Рейз вроде немного отодвигается и не спешит с ответом. Наконец, после достаточно долгого, чтобы считаться неловким, молчания он говорит:

— Мы в безопасности. Я потом расскажу, ладно? Ты мне доверяешь?

По идее, я должна забеспокоиться, но вдруг с удивлением отмечаю, что и правда ему доверяю. Я бы кивнула, но боюсь, что такое движение только растрясет мой больной мозг, поэтому просто моргаю в надежде, что он поймет.

Рейз, похоже, замечает, что все еще держит мою руку, и внезапно роняет ее так, будто она его обожгла:

— Ты как себя чувствуешь?

Интересно, он знает, что на этот вопрос невозможно ответить?

С одной стороны, Госсамер больше не давит на меня, и я как будто впервые за долгое время могу дышать. Я ощущаю стук собственного сердца — ушами, головой, руками, — и электричество магии все еще бурлит в моих сосудах. Чувство неуязвимости пока не прошло.

С другой — слабость такая, что мне даже с постели не встать. Мне так больно, что глаза не открыть, из-за повышенной температуры я страшно потею, а ладонь жжет, будто в ней все еще торчит нож.

— Как будто я пробила в ткани реальности дыру для двоих человек, — говорю я наконец. Мне хотелось, чтобы реплика прозвучала легко, но с моим хриплым голосом затея сомнительная.

Рейз, однако, хихикает.

Случившееся вспоминается урывками, которые забываются, едва появившись. Хватаюсь за проблески мысли, чтобы они не ускользнули, не обращая внимание на ноющее чувство, что упускаю что-то еще.

— Исольда, — говорю я.
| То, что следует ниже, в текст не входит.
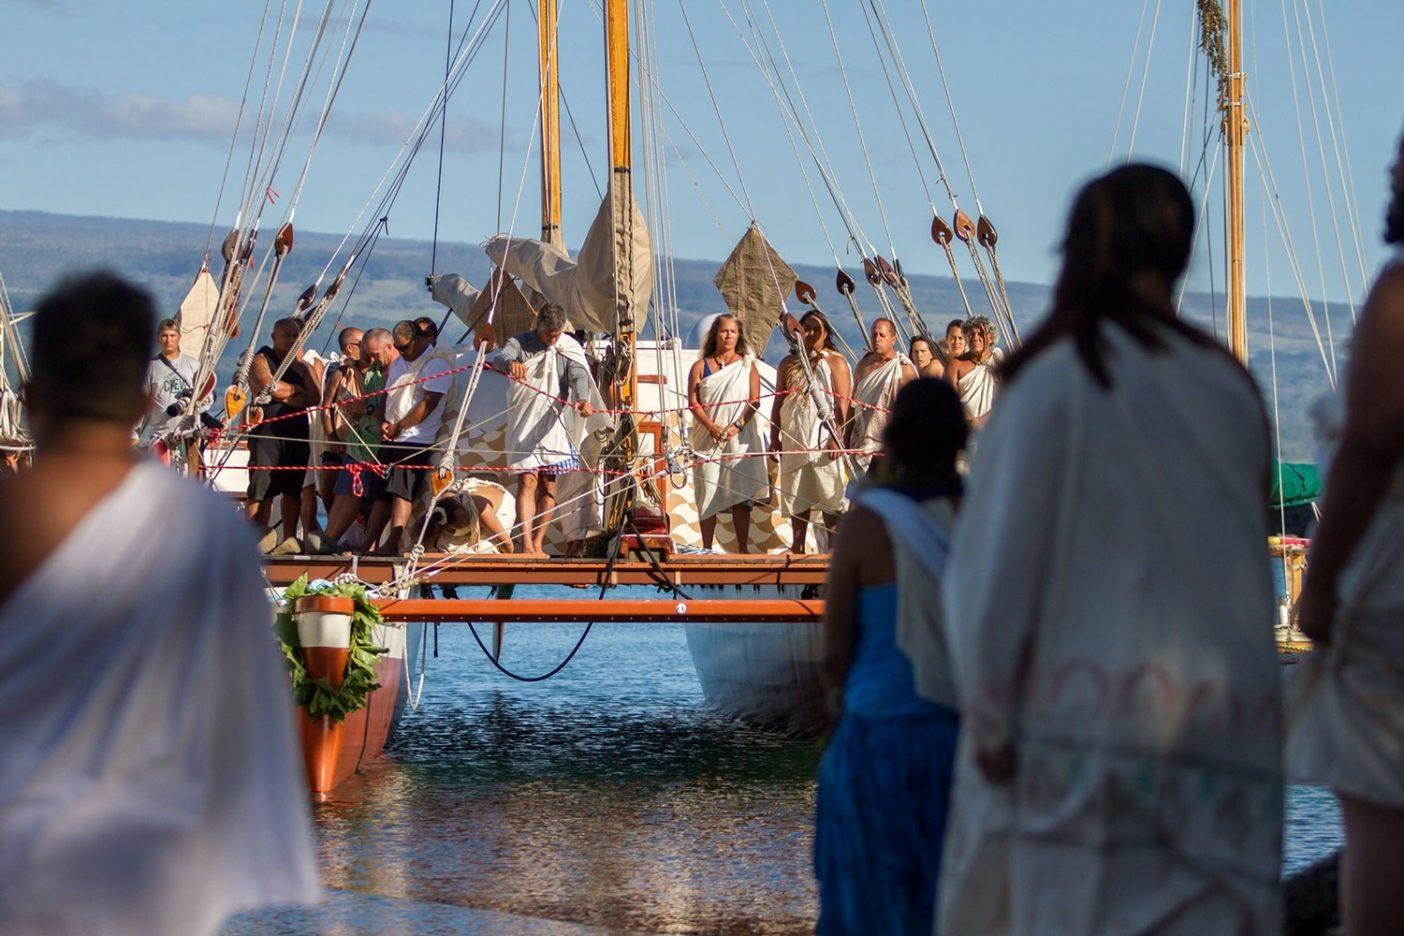 ヒロでメレを歌うヒキア ナリア号の乗組員。ヒキアナリア 号は伝統航法と近代計器を組み 合わせたハイブリッドのカヌーで、 帆走は古代航法でするものの、 万一ホクレア号の曳航が必要に なった場合にモーターを稼働 できるよう、16 枚のソーラーパネルを備えている。ヒキアナリアとは スピカのハワイ名で、ホクレア(アークトゥルス)に沿ってハワイの空に昇る姉妹星のこと。Photo: John Bilderback

Создавая портал, я выбирала направление именно на нее. Она должна быть где-то здесь. В груди нарастает тревога. — Где…?

— С ней все нормально, — успокаивает меня Рейз. — Ты привела нас к ним. Хочешь, я схожу за ней?

Я вспоминаю, каких гадостей мы наговорили друг другу. Как я грубо ее оттолкнула. Помню, как вонзила нож в существо с лицом Исольды.

— Нет.

Я слишком устала, чтобы сейчас распутывать свои чувства и разбираться с ее. Слишком измотана, чтобы объясняться с ней. Еще успеется.

Смотрю на Рейза сквозь ресницы. Ему всегда шел свет костра. Даже сейчас, когда он такой бледный, а под глазами залегли круги. Огонь окрашивает его щеки в теплые тона и добавляет меди волосам. Он сводит брови, смотрит в пустоту, будто подыскивая слова. Наконец он на одном дыхании произносит:

— Сили, ради всего святого, прости меня. Я подверг тебя опасности, а сам не принес никакой пользы. Я даже не помню, что случилось, я помню только, как проснулся, как ты меня спасла, и я поверить не могу…

Я хмурюсь, и он умолкает.

— Тебя заколдовали. Опять. И ты ничего не мог с этим сделать. — Я пытаюсь улыбнуться, да так и зависаю. — И мне, кстати, нравится тебя спасать.

Он вроде бы улыбается в ответ. Двигает руками, словно не знает, куда их деть. Через мгновение он откашливается и говорит:

— Тебе… тебе бы стоило отдохнуть.

Он встает, матрас распрямляется, и тут меня настигает мысль — она давно металась где-то внутри, но только сейчас мне хватит смелости ее озвучить.

— Подожди. — Я протягиваю здоровую руку, хватаю его за рукав.

Рейз возвращается, приседает рядом с кроватью. Он теперь достаточно близко, я отчетливо вижу его лицо, и он ждет, когда я заговорю. В камине что-то щелкает, я с трудом глотаю, в горле пересохло, в голове гудит, и меня немного напрягает ощущение, что магия ищет выхода. Я закрываю глаза и пытаюсь взять себя в руки.

— Прости меня.

Он наклоняет голову, волосы падают ему на лицо и касаются моей щеки.

— Что?

Я замолкаю, чтобы оформить мысль в слова. Это же просто тренировка. Мне ведь еще извиняться перед Исольдой, и от одной этой мысли хочется удавиться. Я в сомнении хмурю горящий лоб.

— Это я виновата, что мы попали в беду. Портал был мой. Ты чуть не погиб.

Рейз слегка вздрагивает, как будто нервничает. Потом его лицо смягчается, и он берет меня за руку, глядя прямо в глаза, словно намеревается сообщить что-то такое, что другим способом сообщить просто невозможно.

— Я прощаю тебя. И смею надеяться, что ты тоже меня простишь.

Он говорит это так, что у меня почему-то кружится голова. Если у нас теперь есть фаердрейк, значит, он стал на шаг ближе к тому, чтобы вернуть себе место в семье и разжать железную хватку Лейры. В таком случае его щедрость вполне объяснима. Я облажалась по всем фронтам, и если у нас еще остался шанс на победу, то это не благодаря моим действиям, а вопреки им. Однако он смотрит на меня так, как будто все еще уверен, что я ему помогаю.

Между нами что-то переменилось. Не знаю, когда именно, но я осознала, что мы теперь не просто сотрудничаем, что наш союз не связан рамками обещанного вознаграждения. Нас связывает все, через что мы вместе прошли, и я понимаю, что, даже если он мне ничего не заплатит, я все равно буду за него. От такого у кого угодно нутро сведет — как будто сердце пытается угнездиться на новом месте.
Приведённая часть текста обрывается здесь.